Court Opinion

ID: 9853840
Source: CourtListenerOpinion
Date Created: 2023-09-24 05:56:07.536341+00
Date Added: 2024-06-11T09:20:10.119094
License: Public Domain

STILWELL, Judge
(concurring in part, dissenting in part):
Although I agree completely with the analysis in Parts II, III.A, III.B, V, and VI of the majority opinion, I disagree with Parts III.C and IV and do not believe there was evidence from which the jury could have inferred Prescott was anything but an at-will employee. I believe this case is controlled by the rule stated in Orsini v. Trojan Steel Corp., 219 S.C. 272, 64 S.E.2d 878 (1951).
In Orsini, Orsini left one job in Atlanta for a similar position in Columbia based in part, Orsini testified, on the promise of “a lifetime job.” Orsini testified that, approximately two weeks after beginning his new job, he borrowed a pickup truck from his employer for the purpose of driving to Savannah, Georgia, on some personal business. Orsini’s new employer’s manager testified Orsini had borrowed the truck to find a place to live in Columbia and was to report for work and return the truck Saturday morning. Upon Orsini’s return from Savannah Monday morning, the manager informed him that he was letting him go.

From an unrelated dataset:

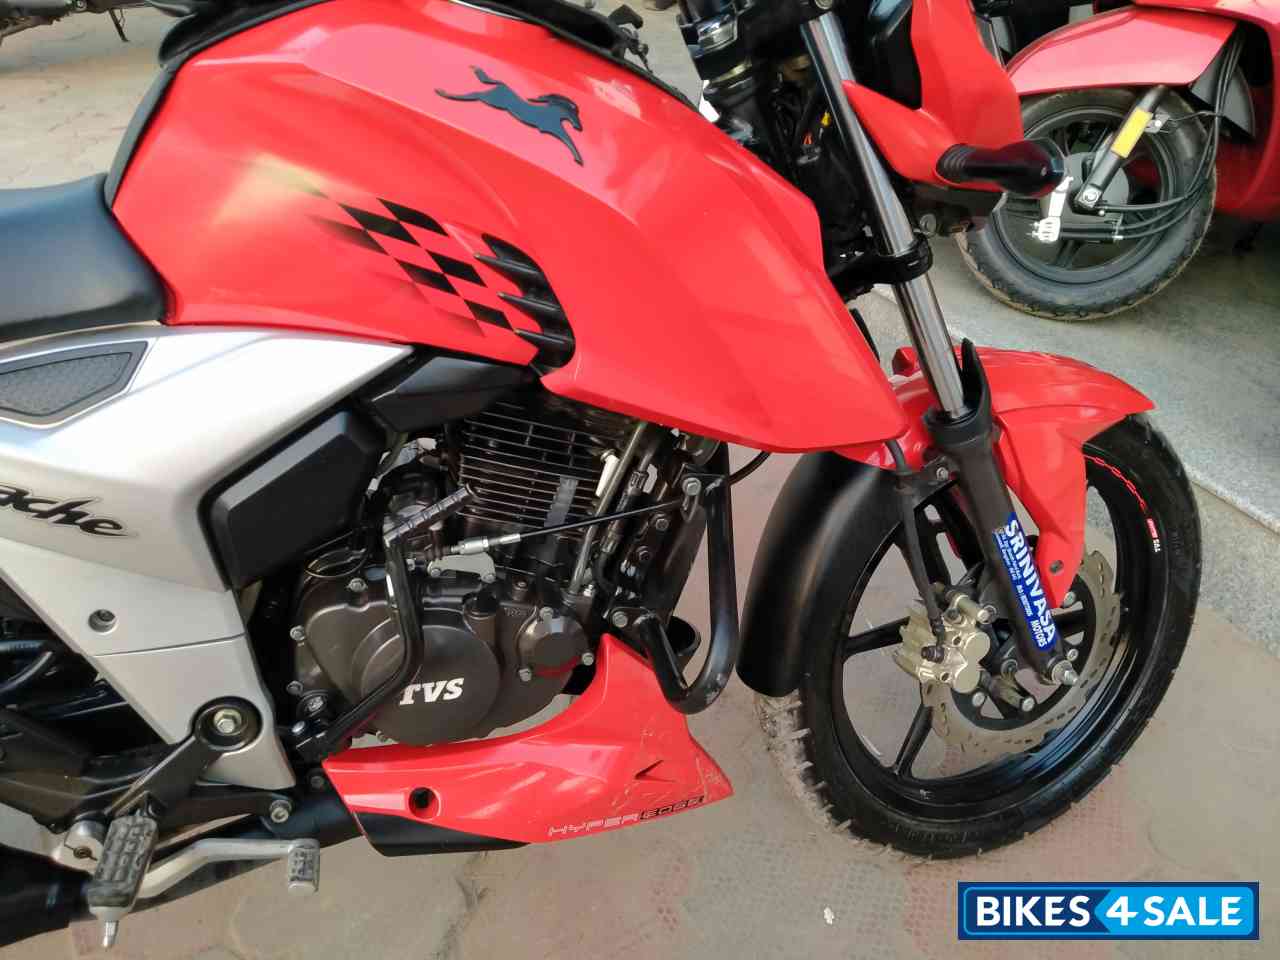 Used 19 Model Tvs Apache Rtr 160 4v For Sale In Bangalore Id Red Colour Bikes4sale

The jury returned a verdict for Orsini for $2,250 on his breach of contract claim.
The supreme court reversed the jury verdict. It held as a matter of law that Orsini’s at-will employment status had not been altered by the promise, stating,
The general rule is that under ordinary circumstances a contract to furnish employment permanently, or so long as the employee’s services shall be properly performed, or for a similar indefinite period, is no more than an indefinite hiring, terminable at the will of either party, and is therefore unenforceable as to its duration.

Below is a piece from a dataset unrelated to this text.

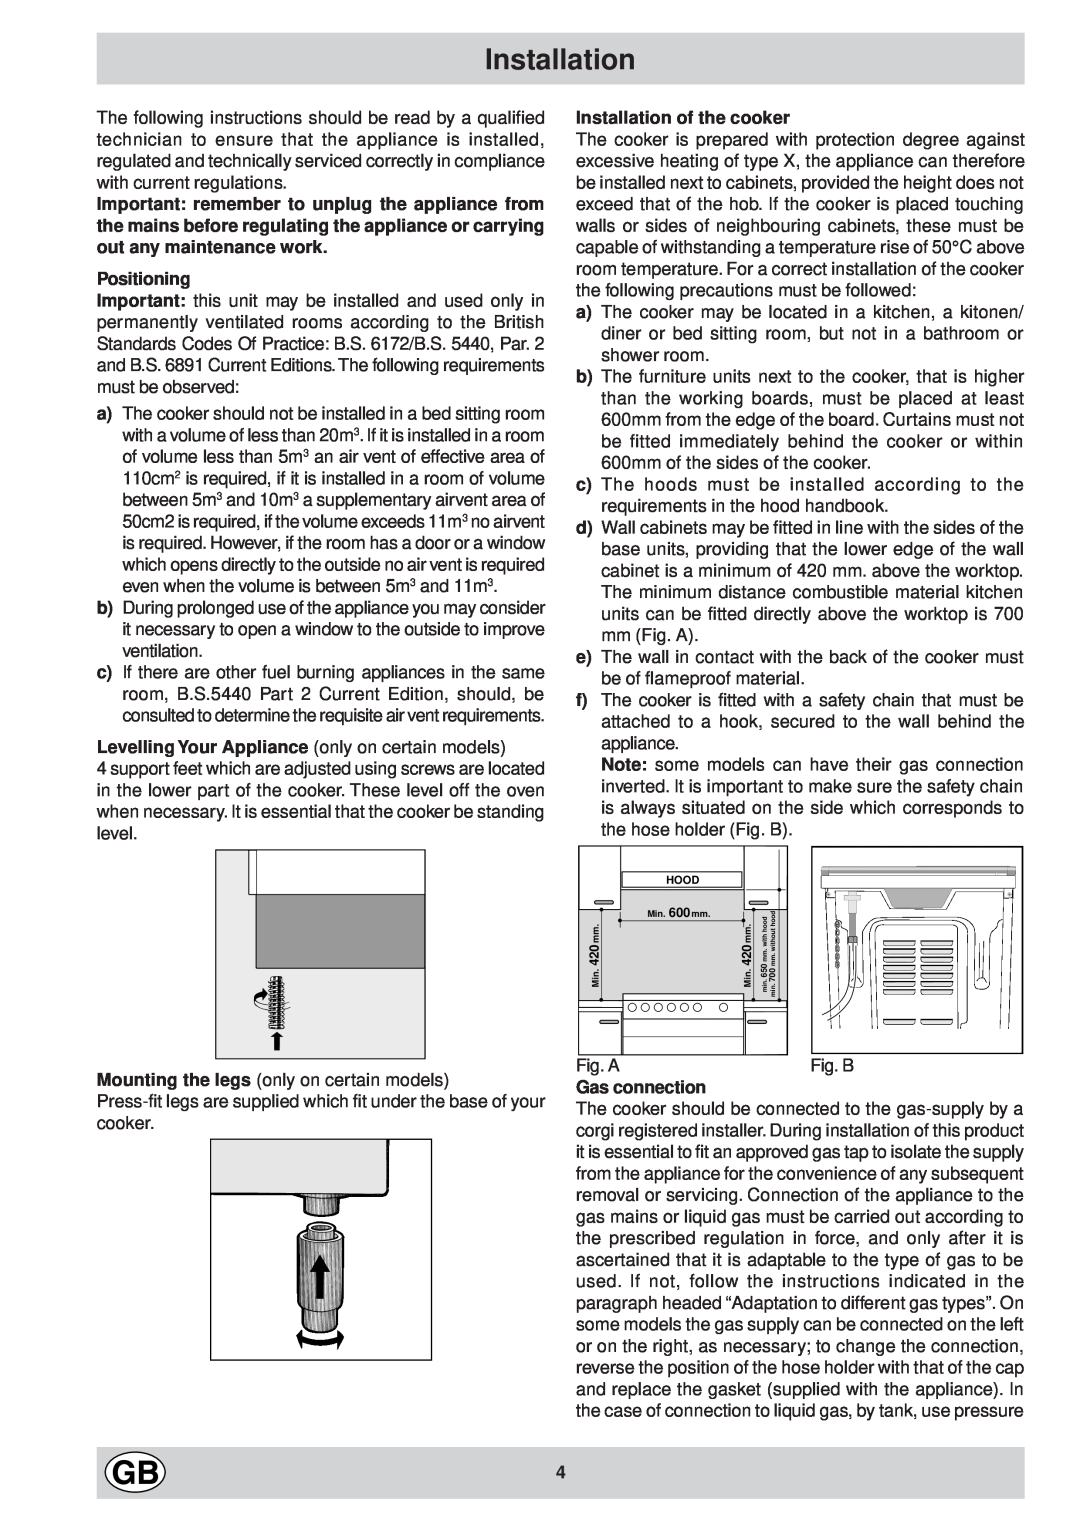 Indesit K6G32/G manual Positioning, Levelling Your Appliance only on certain models, Installation of the cooker

Id. at 276, 64 S.E.2d at 879 (emphasis added). In the present case, the promise testified to by Prescott, that he would have continued employment “as long as [he] did [his] job [and] kept [his] nose clean,” cannot be meaningfully distinguished from the promise contemplated by the rule handed down in Orsini, that at-will employment is not altered by promises of continued employment “so long as the employee’s services shall be properly performed.”
*398The majority nevertheless holds that “[e]ven if pursuant to an Orsini ‘durational’ analysis Prescott was an employee at will, this does not end the inquiry, as an employer may otherwise alter at-will status.” The majority further holds that a jury could reasonably find that the promise altered Prescott’s at-will status by finding he was promised he would be terminated only for cause. I disagree and believe that was the very issue that Orsini decided against the employee as a matter of law.1
I also disagree with the majority’s assertion that Small I and Small II have any application to the facts of the present case. Although those cases provide an example of how an employer can alter an employee’s at-will employment status with promises of a non-durational nature, here, the only promise Prescott claims his employer made was a durational one. In contrast to the present case, in the Small cases, there was evidence that the employer had issued and distributed an employee handbook that provided for a four-step procedure for firing employees, that the company later issued a bulletin to all employees setting forth in full the termination procedure, and that the company orally assured Small that the procedure would be followed. These cases, in my view, simply have no bearing on the issue of whether Prescott’s employer’s alleged promise that Prescott would be employed “as long as [he] did [his] job [and] kept [his] nose clean,” could alter his at-will status.
Because I find this case is controlled by the law as stated in Orsini and because I agree with the analysis in the balance of the majority’s opinion, I would affirm the trial court’s grant of summary judgment on all claims.

. The issue in Orsini was not whether Orsini was entitled to permanent employment regardless of whether he performed capably. Rather, the issue was whether the employer's promise of lifetime employment precluded the employer from firing Orsini without just cause. Therefore, I believe Orsini clearly stands for the proposition that a durational promise such as the one allegedly made in this case does not alter an employee's at-will status.